§ What the task asks: Every line of the listing belongs in your answer exactly as written; the images do not.

──────── Given material

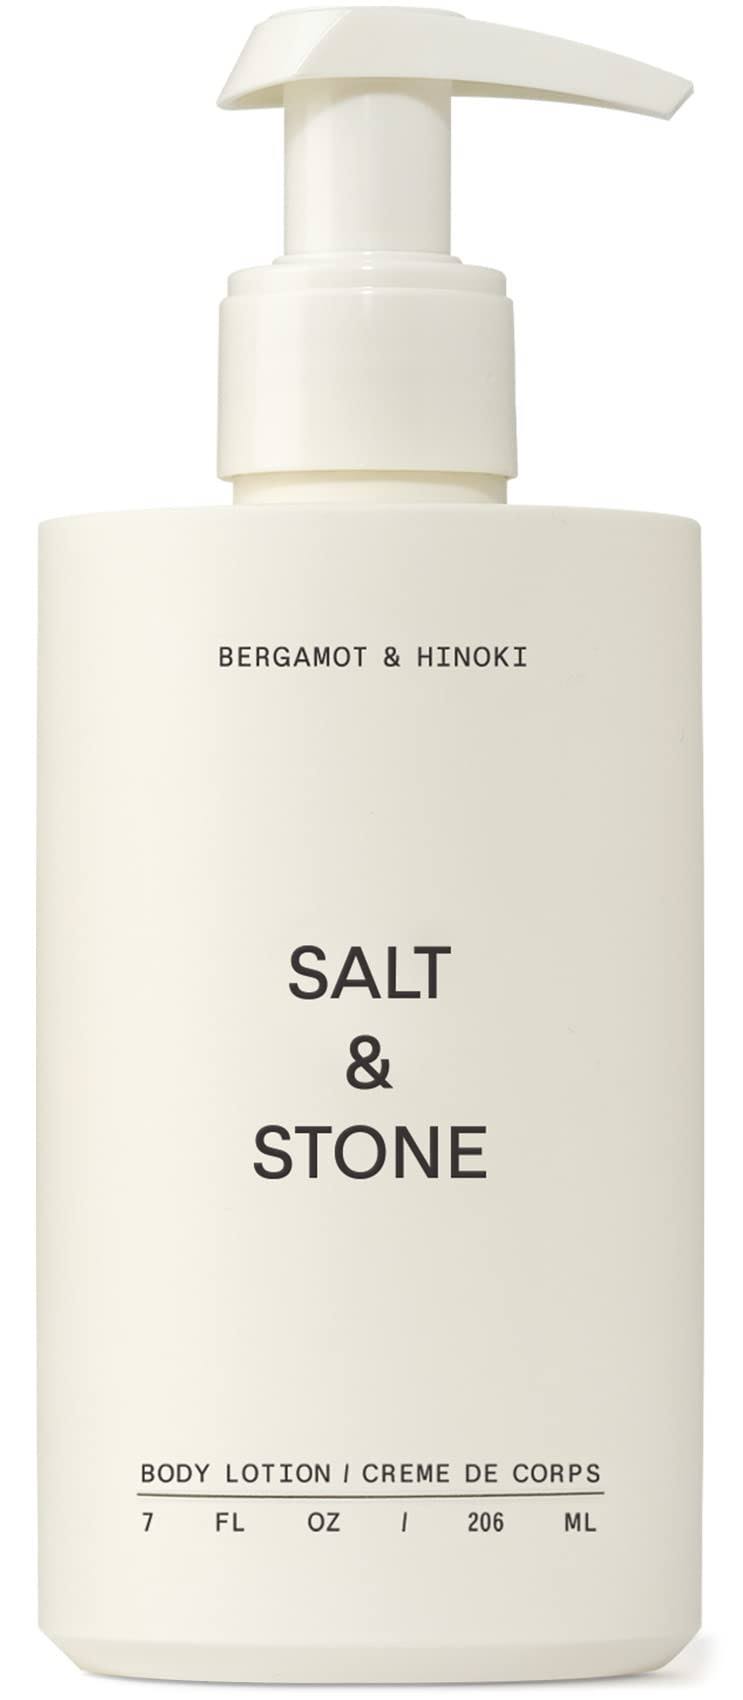 Salt & Stone Bergamot & Hinoki Body Lotion 206ml
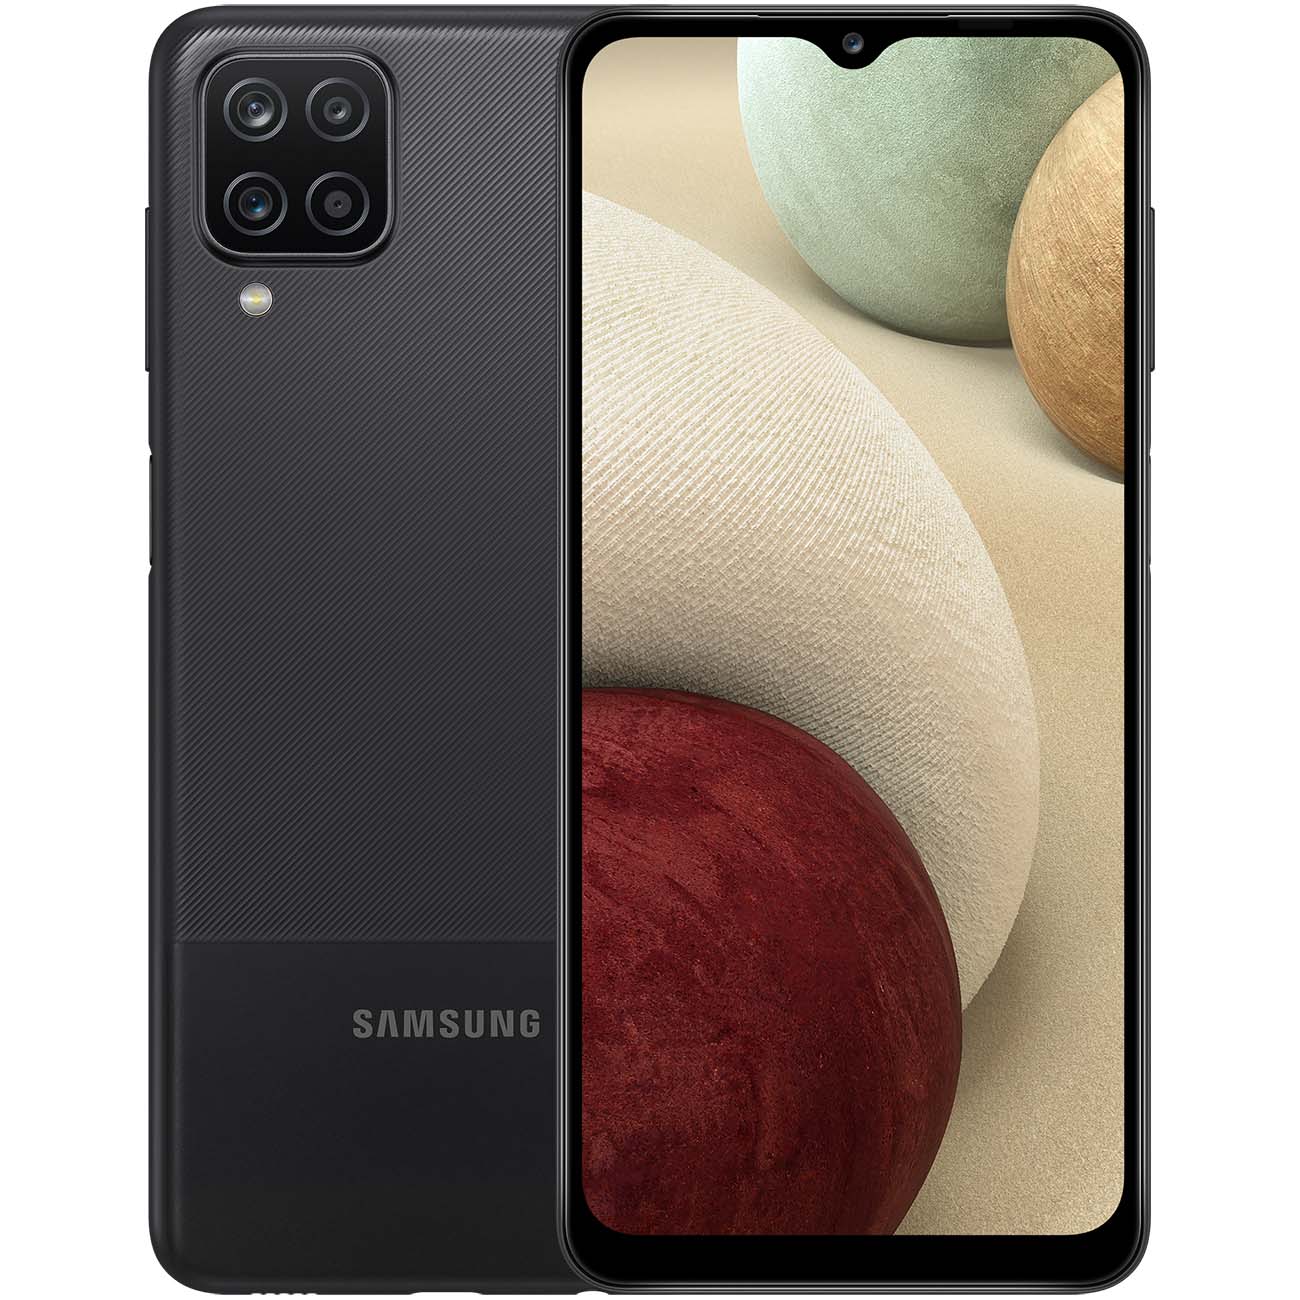 Телефон Samsung Galaxy A12 SM-A127F 32Gb черный РСТ
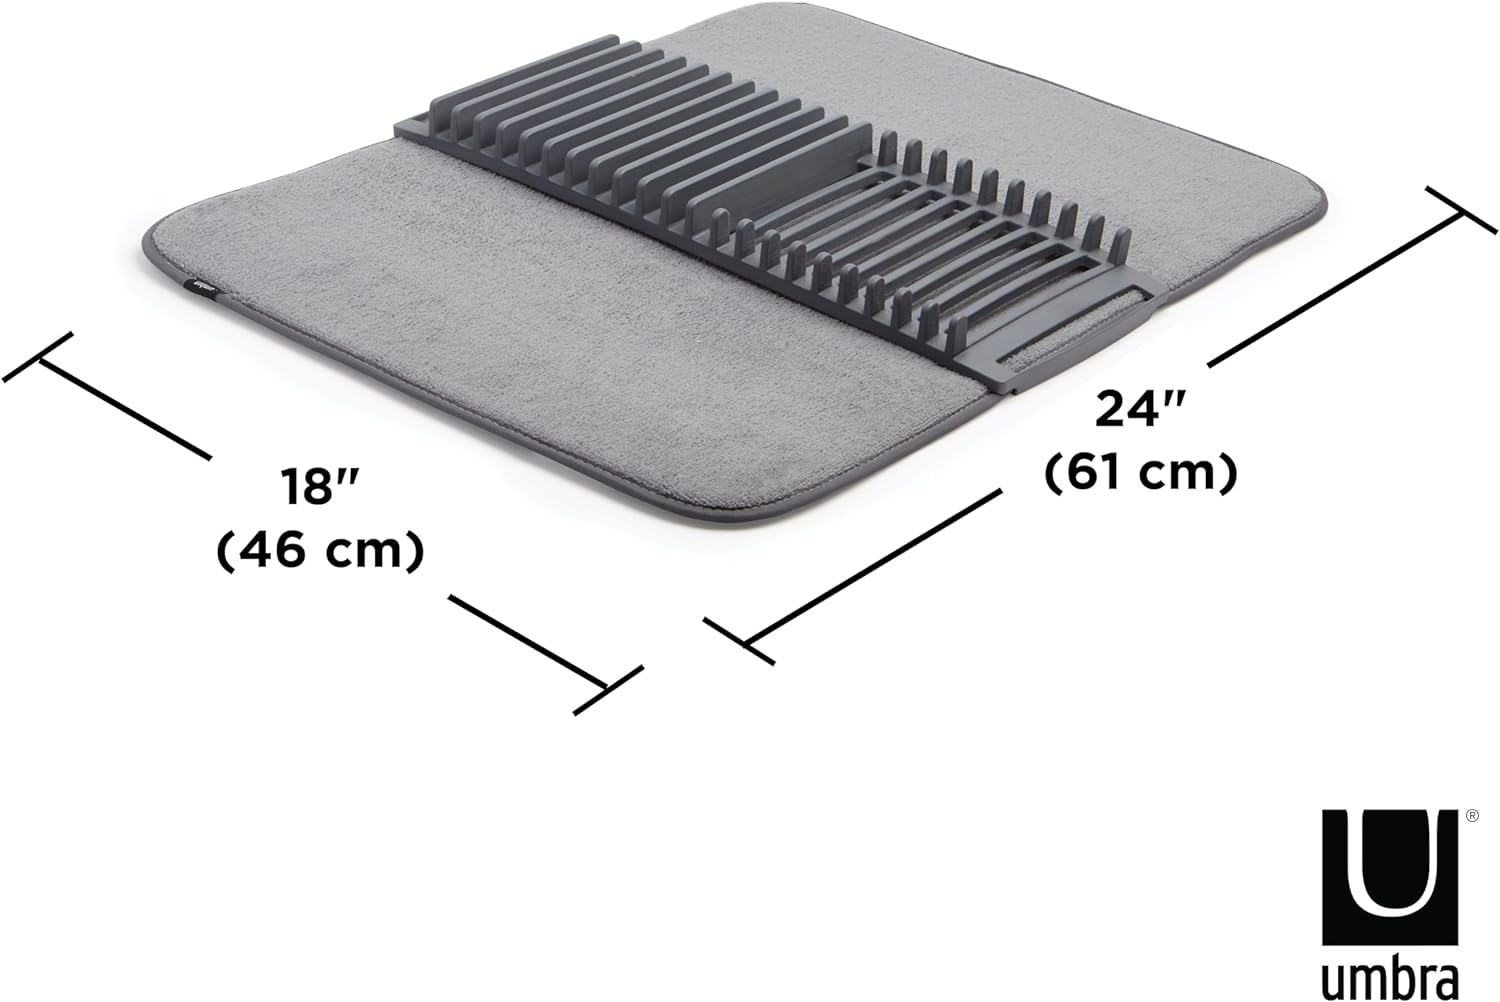 Umbra UDRY Rack and Microfiber Dish Drying Mat

────────────────

§ Exercise response:
 Salt & Stone Bergamot & Hinoki Body Lotion 206ml
 Телефон Samsung Galaxy A12 SM-A127F 32Gb черный РСТ
 Umbra UDRY Rack and Microfiber Dish Drying Mat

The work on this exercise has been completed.